WORK TO COMPLETE. Copy, exactly as written, the lines that begin at the one containing "London Bike Tour" and end at the one containing "Xero Shoes Prio". Skip any pictures in the data below.

DATASET EXCERPTS.
--------------------------------

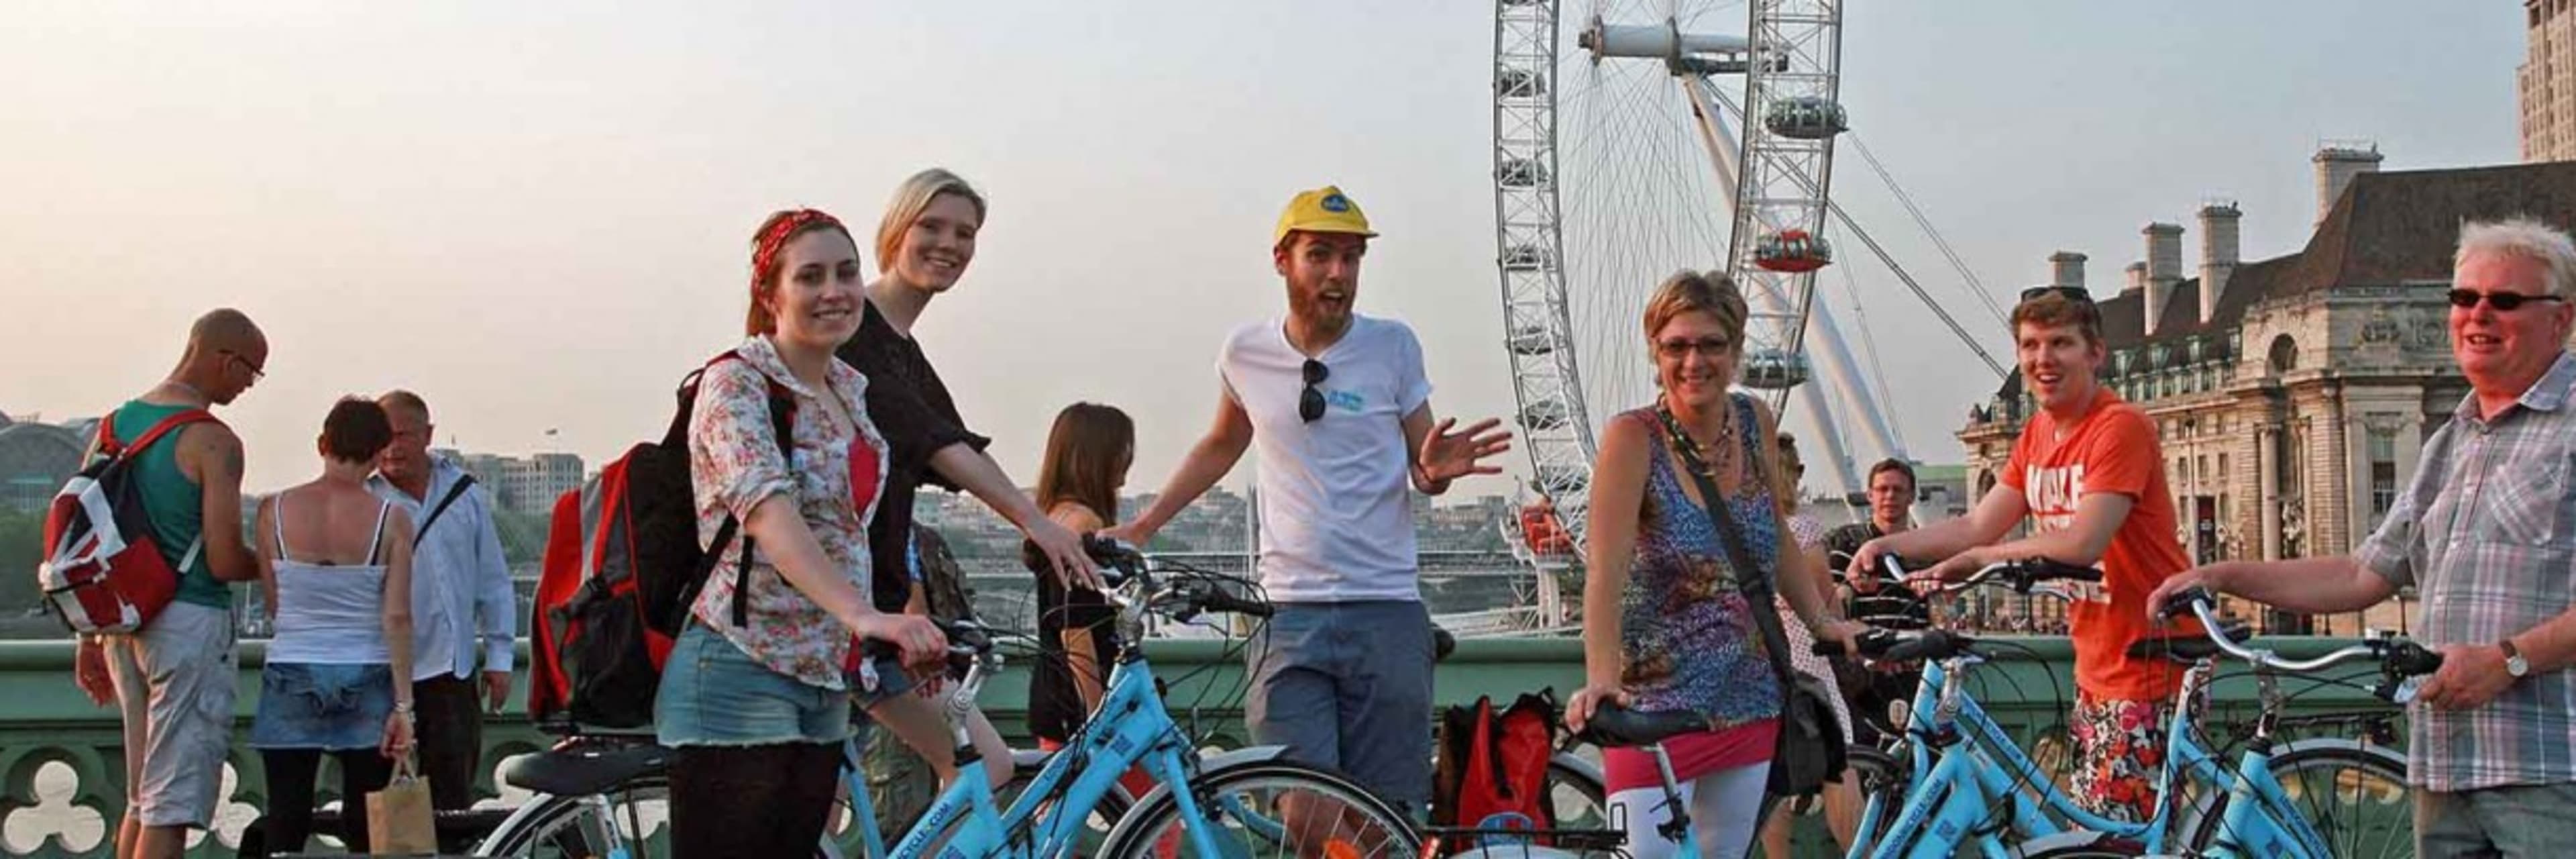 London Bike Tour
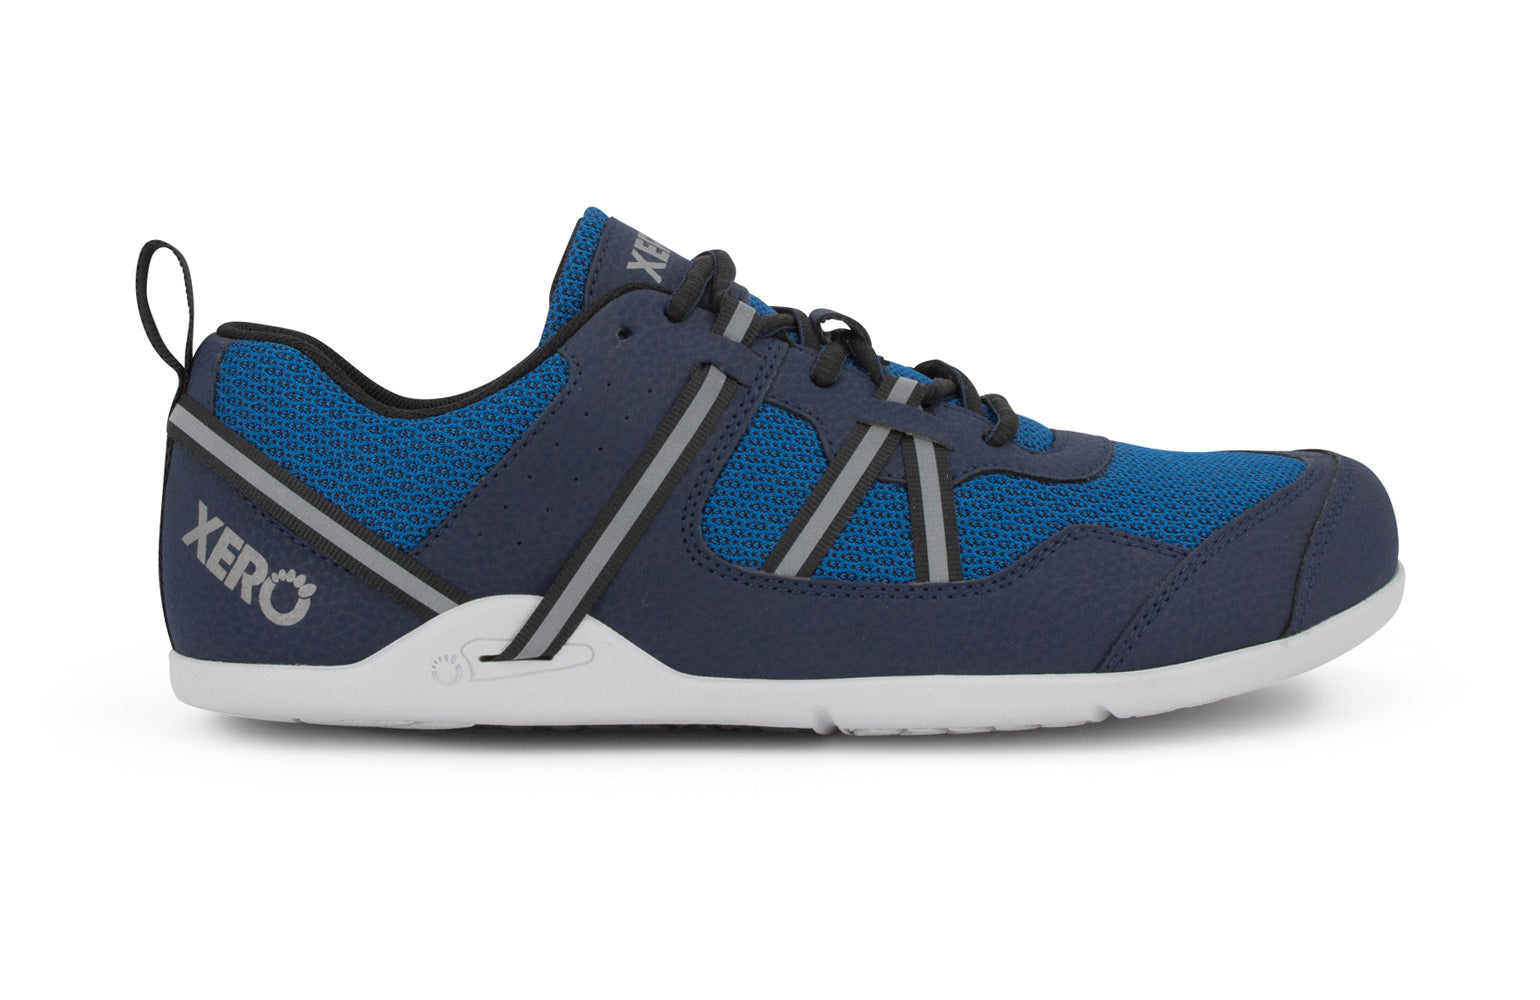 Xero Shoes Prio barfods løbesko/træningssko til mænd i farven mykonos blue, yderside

--------------------------------

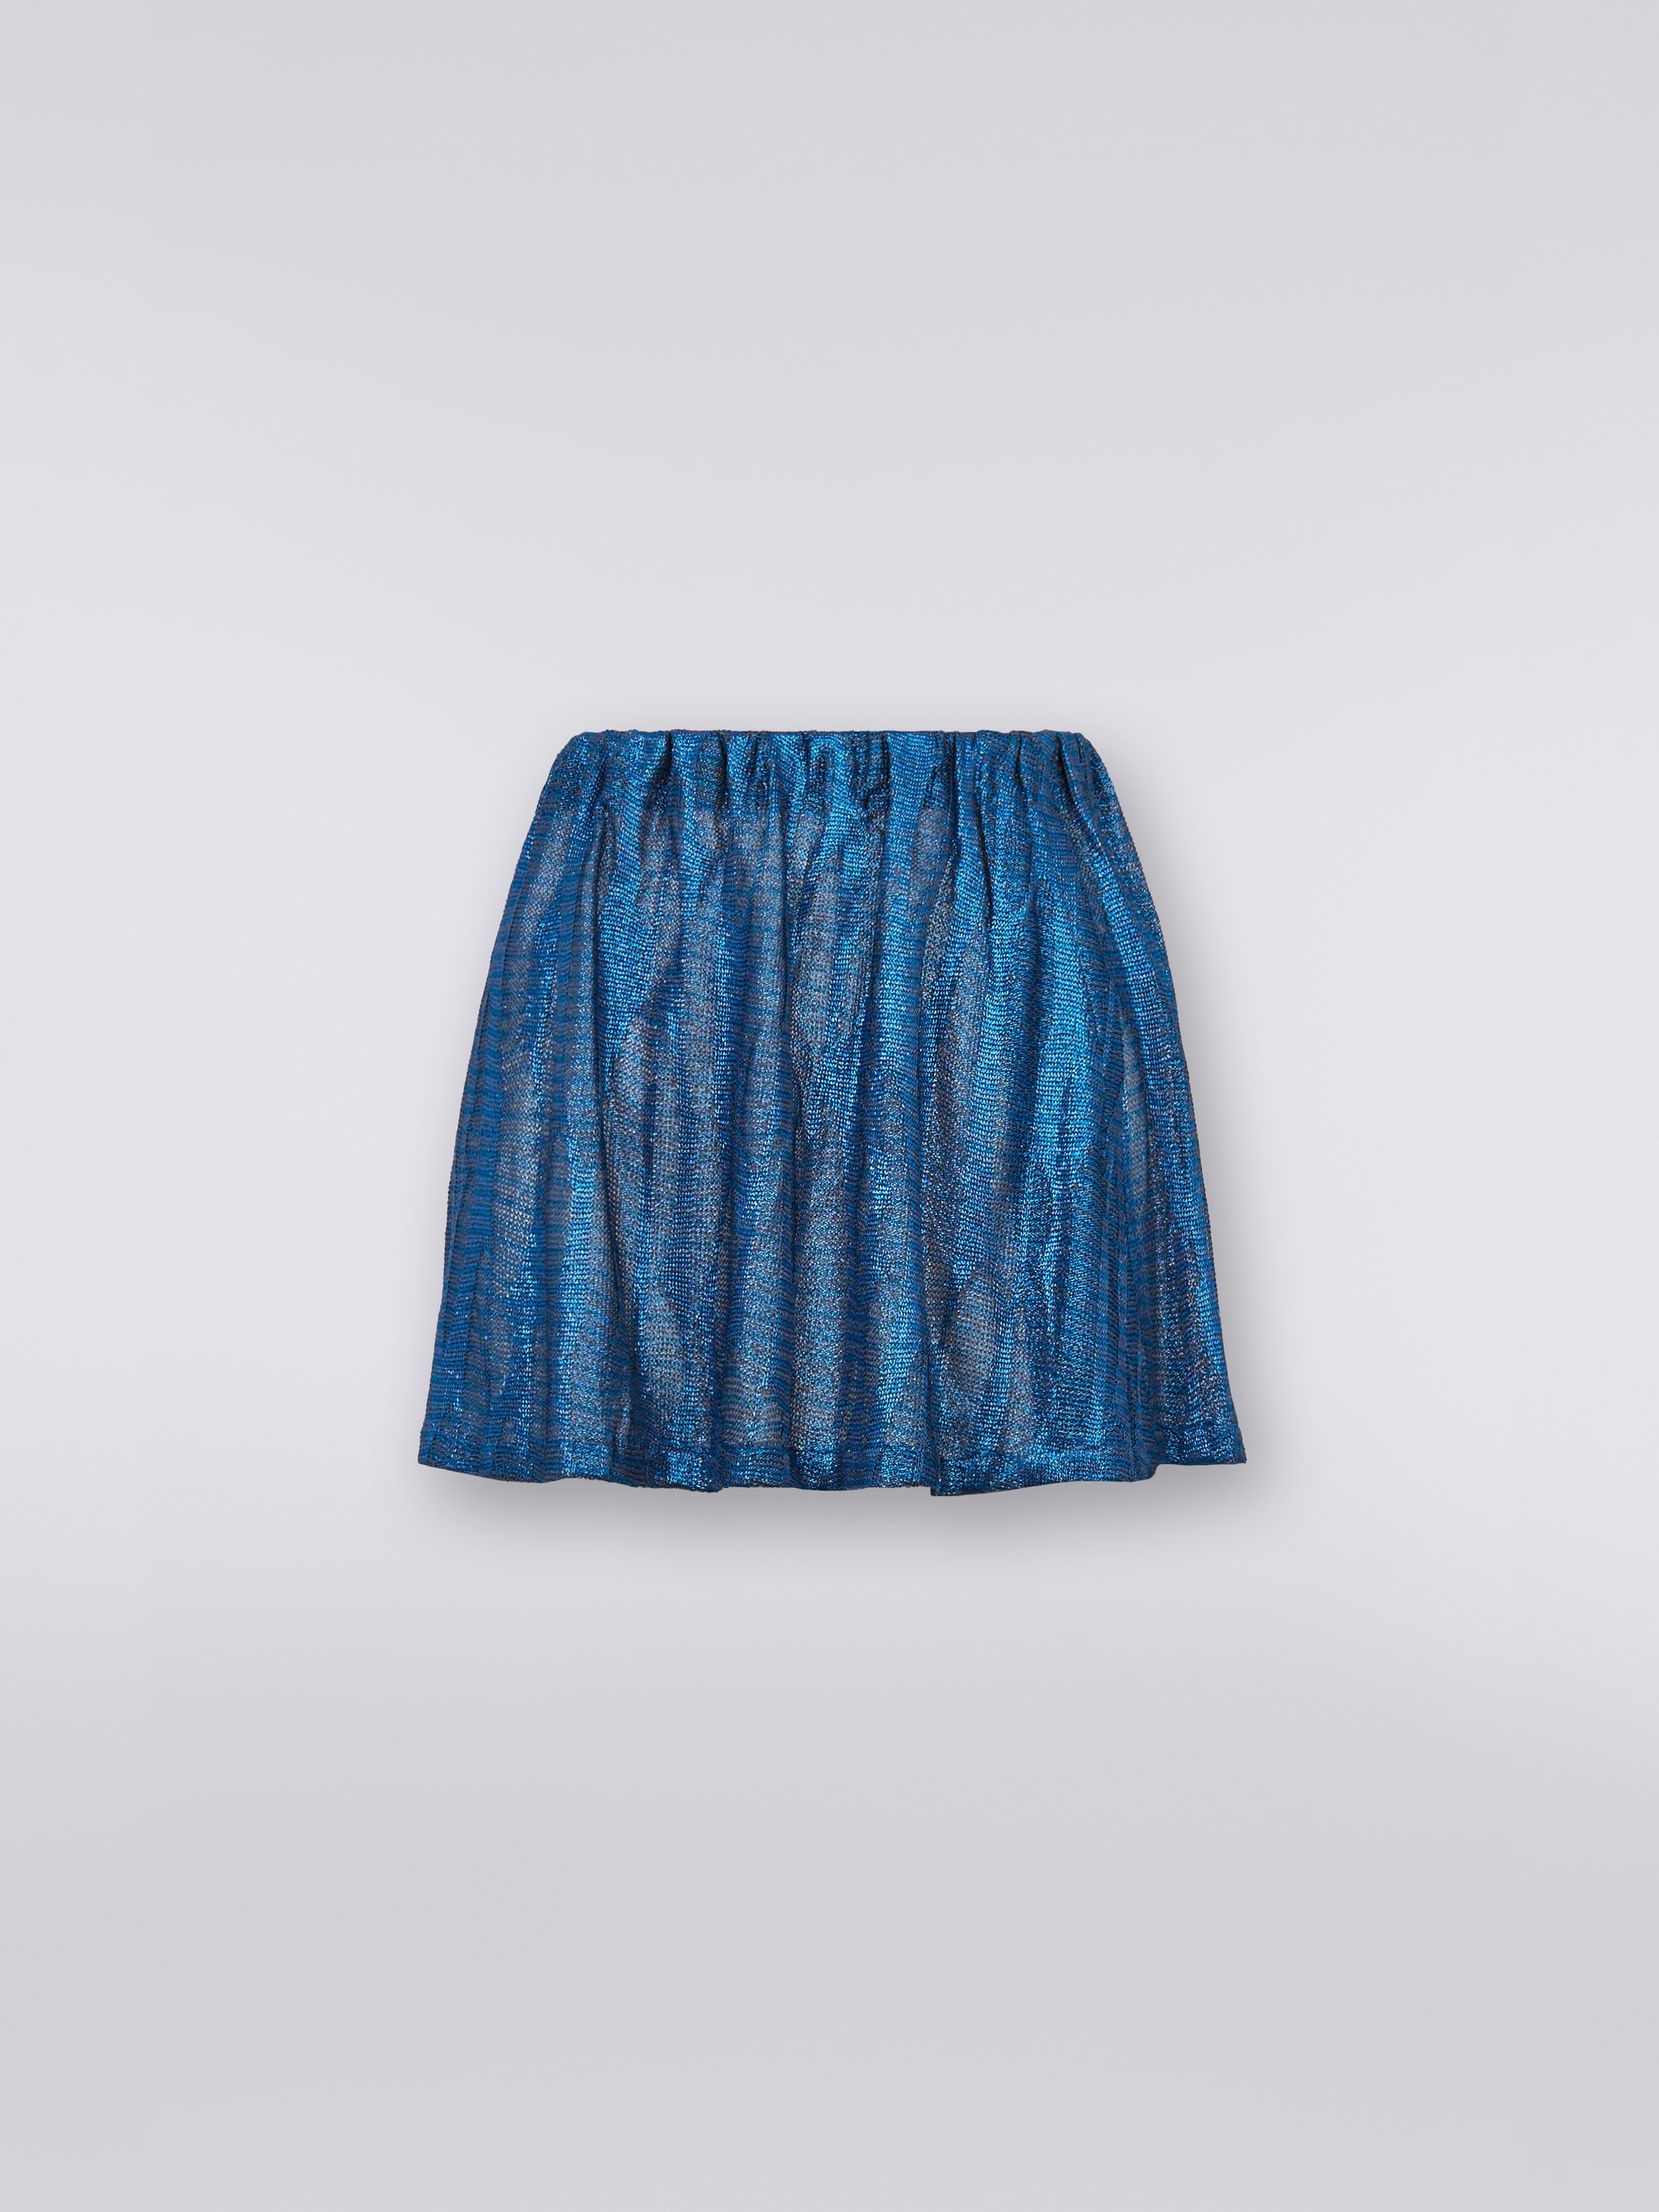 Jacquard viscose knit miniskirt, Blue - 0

--------------------------------

WRITTEN SOLUTION.
 London Bike Tour
 Xero Shoes Prio barfods løbesko/træningssko til mænd i farven mykonos blue, yderside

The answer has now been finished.